Rhodes wasn’t sure how to answer that. If he had known for sure what had happened that Saturday night when Mrs. Ramsey picked up the shotgun and walked out of her house, he could have answered with certainty. But he didn’t know, and he never would. “I care more about Rapper,” he said finally.

“I’m glad you care,” Ivy said. Then, after a minute, “At least one good thing came out of all this.”

“What?”

“You got yourself a dog.”

It got hot early the next morning. Rhodes went out to the back yard to check on the dog, who was already asleep under the shade tree. Rhodes put out some fresh food and water, but Speedo took very little interest. He had settled in, now, and he knew there would be food and water whenever he wanted it. Rhodes walked over and scratched the dog’s head, then drove to the jail.

Hack and Lawton were waiting expectantly when he walked in. That meant that there was something going on, but he was determined to go on the attack first. “How’s Mrs. Ramsey doing?” he asked.
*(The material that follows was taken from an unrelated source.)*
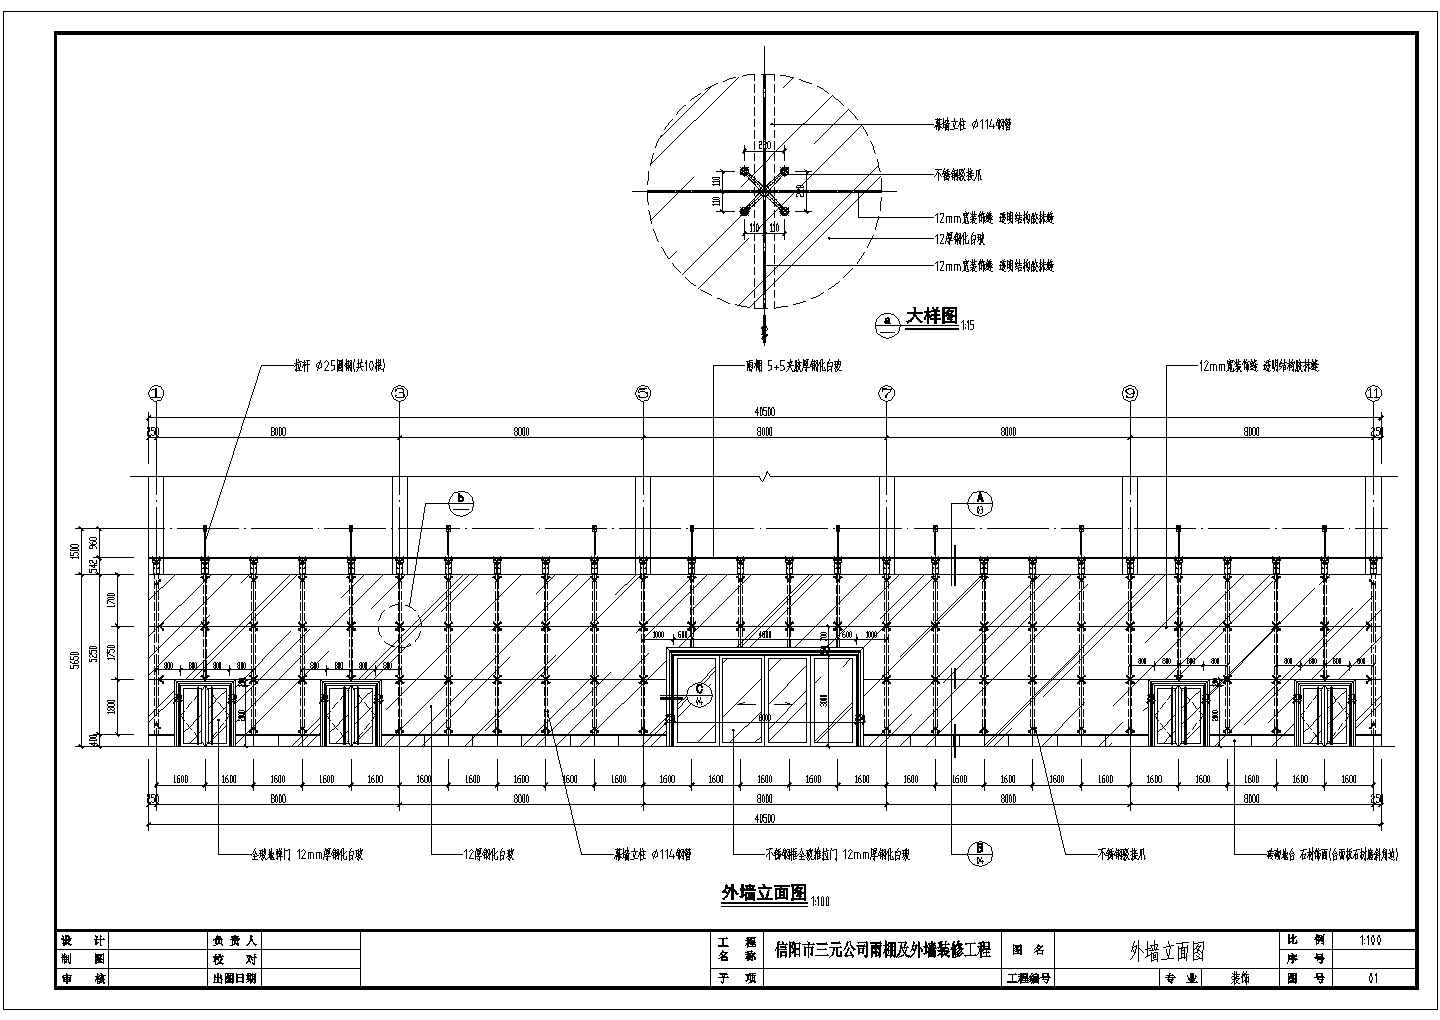 信阳市某公司钢结构雨棚及点式幕墙装修施工图
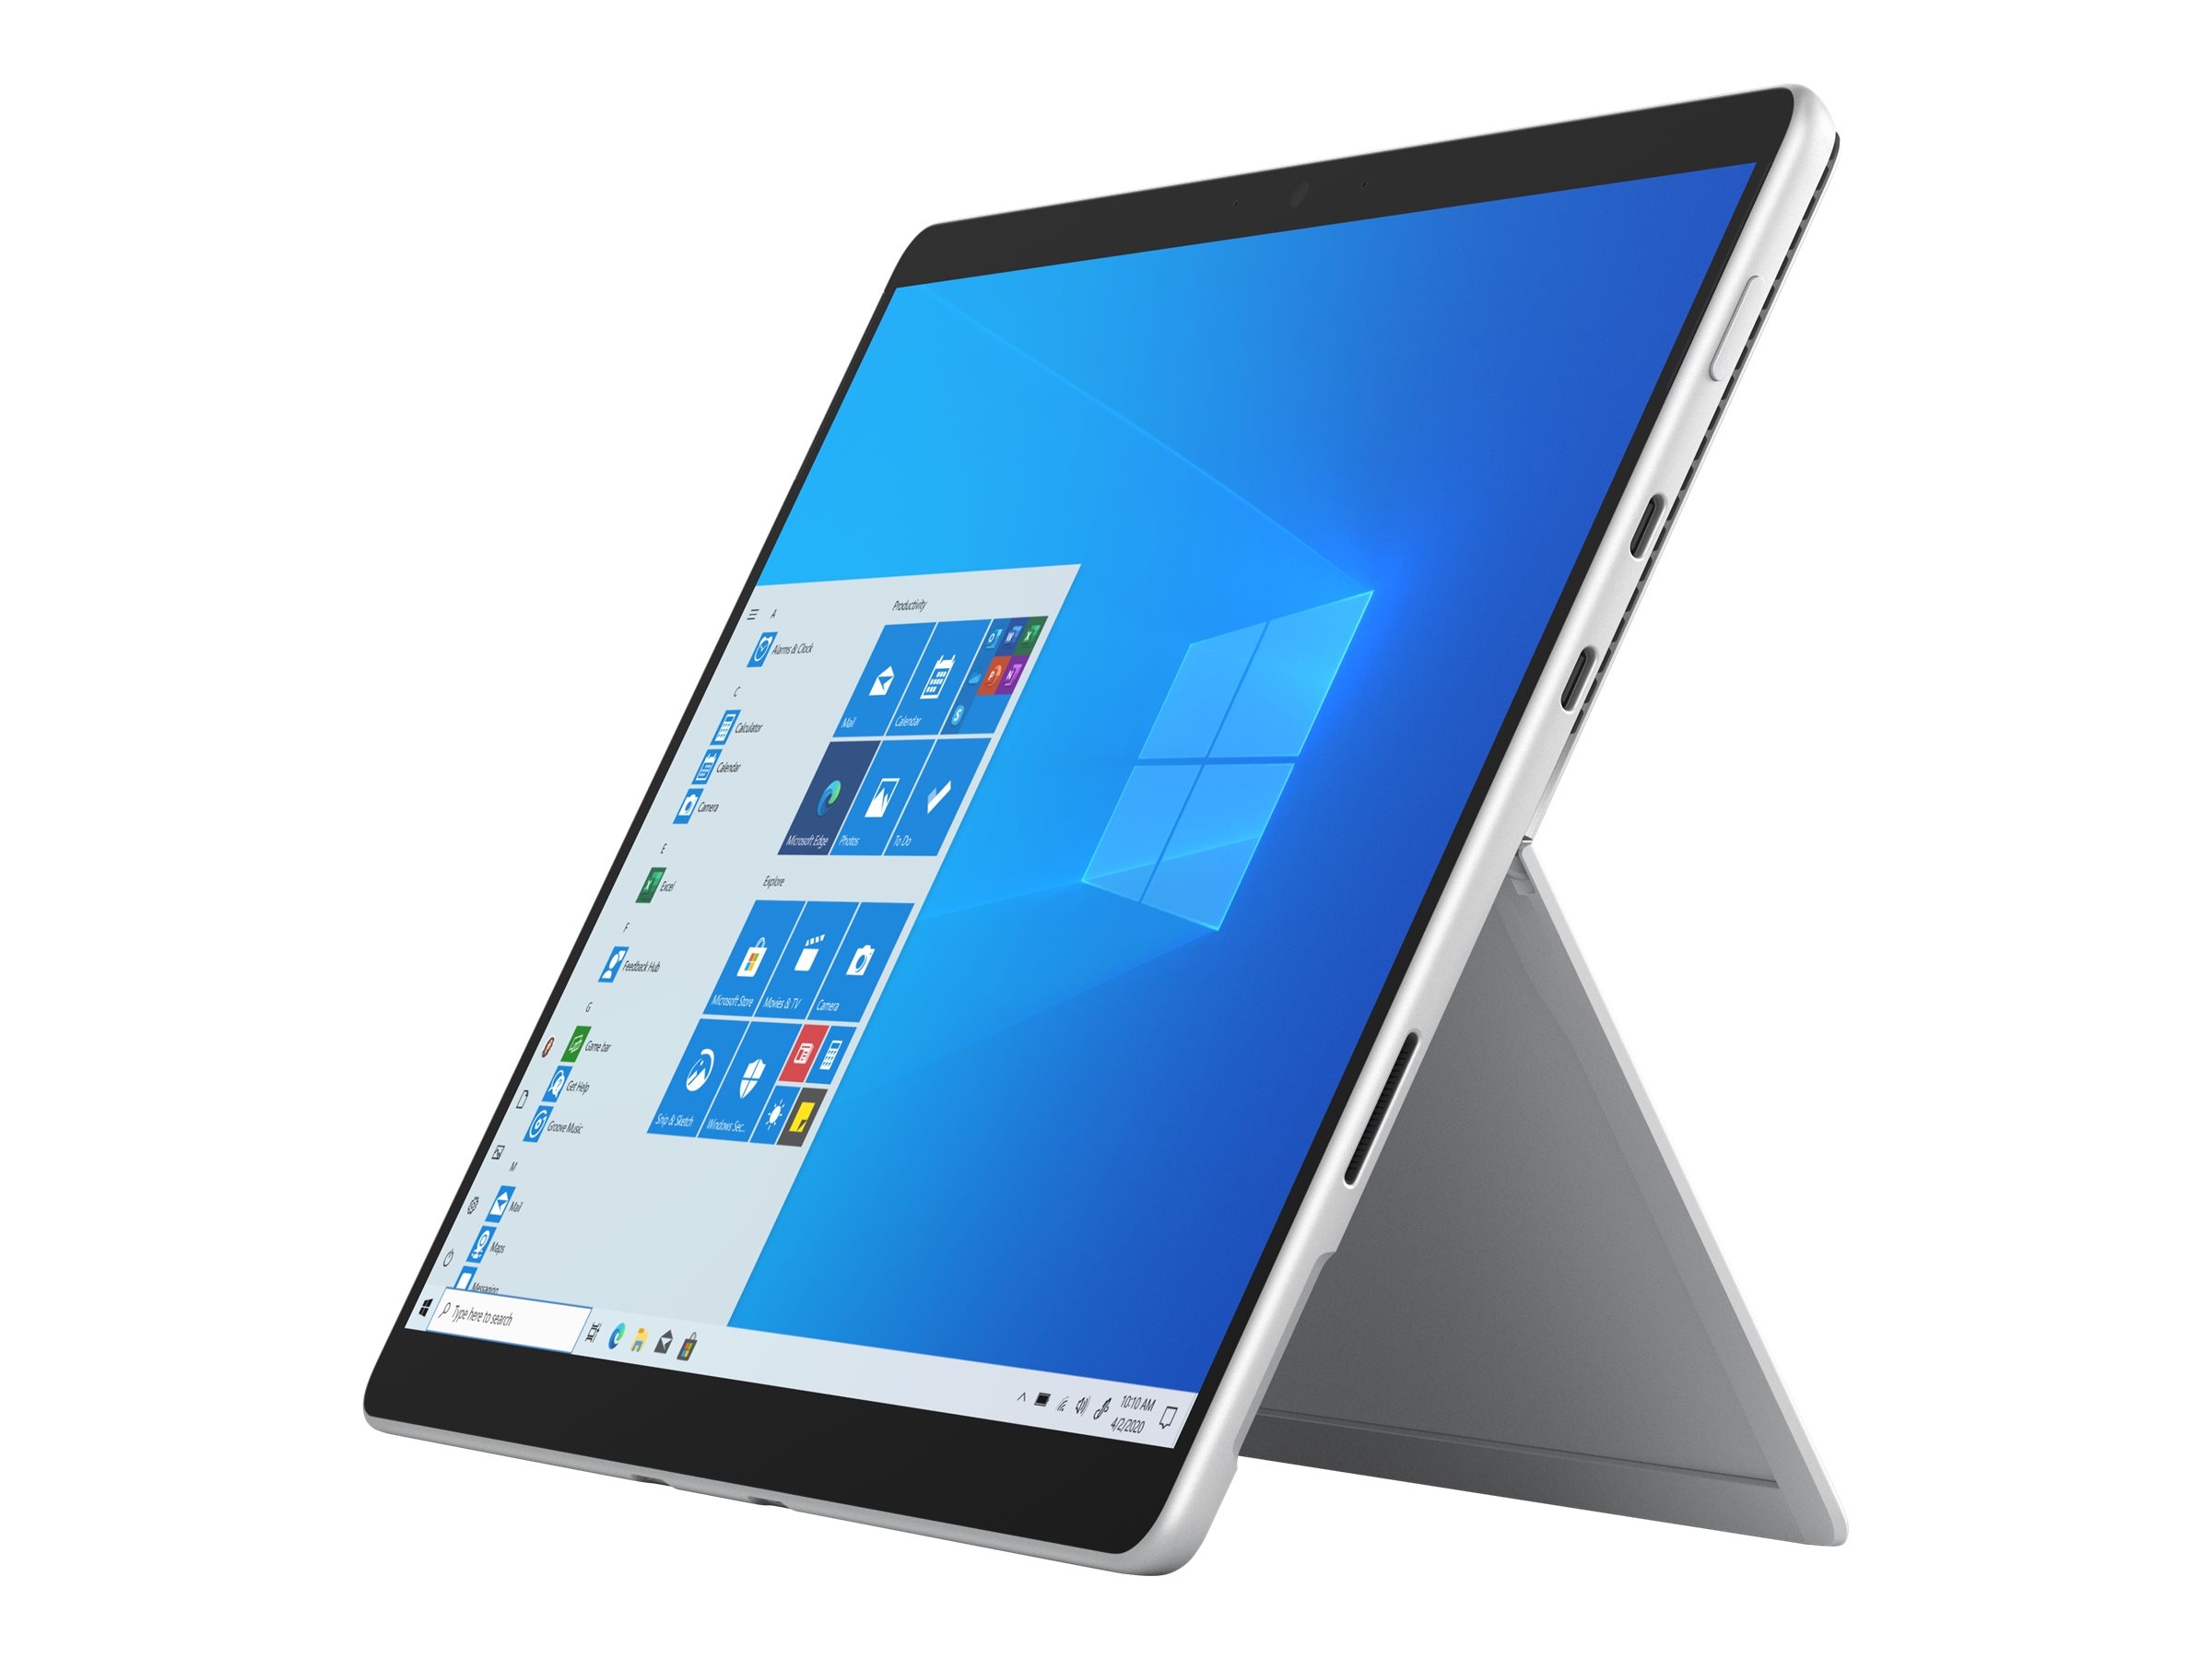 Microsoft Surface Pro 8 - Tablette - Intel Core i7 - 1185G7 / jusqu'à 4.8 GHz - Evo - Win 10 Pro - Carte graphique Intel Iris Xe - 16 Go RAM - 256 Go SSD - 13" écran tactile 2880 x 1920 @ 120 Hz - Wi-Fi 6 - 4G LTE-A - platine - commercial - EIV-00020 - Ordinateurs portables

“Fine, just fine,” Lawton said. “ ‘Course, that cot’s not near close to bein’ big enough for her, but she did all right. I think she spent most of the night readin’ one of those Gideon Bibles. Anyway, Ruth’s back there with her right now, seein’ that she’s comfortable. I put that Wyneva up on the second floor.”

“Judge ought to be settin’ bail for Miz Ramsey before too long,” Hack said. “I don’t expect she’ll be around by this afternoon.”

“She called a lawyer yet?” Rhodes asked. He wanted to be sure a lawyer was present when Mrs. Ramsey was informed of all her rights and while she gave her legal confession.